本件について、市は、申立人からの連絡を受け、当初30世帯以上が利用していた本件集積所の問題を認識し、集積所の分散に向けて町内会長や近隣のアパートの管理会社等に働きかけを行い、現時点で本件集積所の利用世帯は5世帯まで減少したとしています。
また、市は、当初、住民間の意見集約に協力できないと申立人に回答しましたが、後に、協議の場を設けるため本件集積所利用住民への聞き取りを行ったとしています。市は、利用住民に申立人の意見を伝え、移設、輪番制の導入、隣り合う2軒での集積所設置の提案等を行ったが、意見が折り合わない状況であるとしています。
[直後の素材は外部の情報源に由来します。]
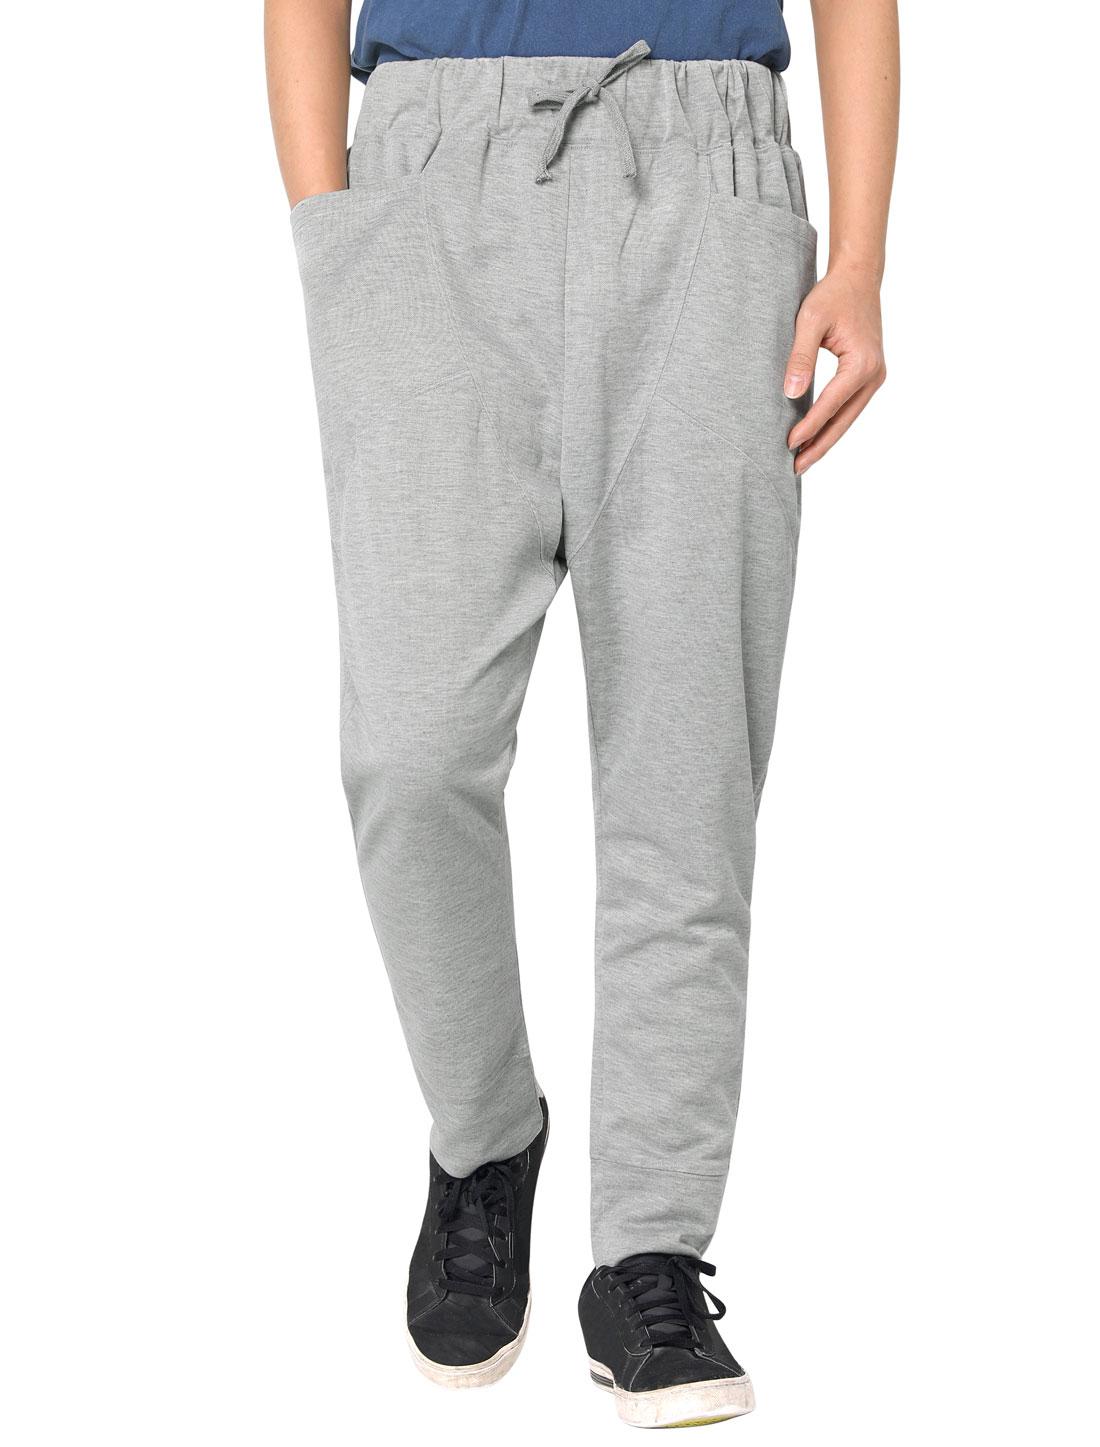 Men Stretchy Waist Design Sports Wear Light Gray Casual Pants W28/30

一般に、集積所は、家庭から排出される一般廃棄物の適正かつ効率的な処理のために不可欠な施設です。反面、集積所が自宅前道路に設置される際は、敷地塀の継続的な汚損、不快な景観、ごみの散乱や不適正ごみの放置等の有形無形の被害の発生が避けがたく、何人にとっても同様の不快感、嫌悪感をもたらすものといえます。利用住民間で集積場による被害を分け合うことについての意見が対立し、協議に基づく早期の問題解決策を見通せない状況に至ったときには、排出者責任、市民の相互協力の原則等を踏まえて、市ができる範囲で改善のための提案や働きかけ等を行ってほしいと考えます。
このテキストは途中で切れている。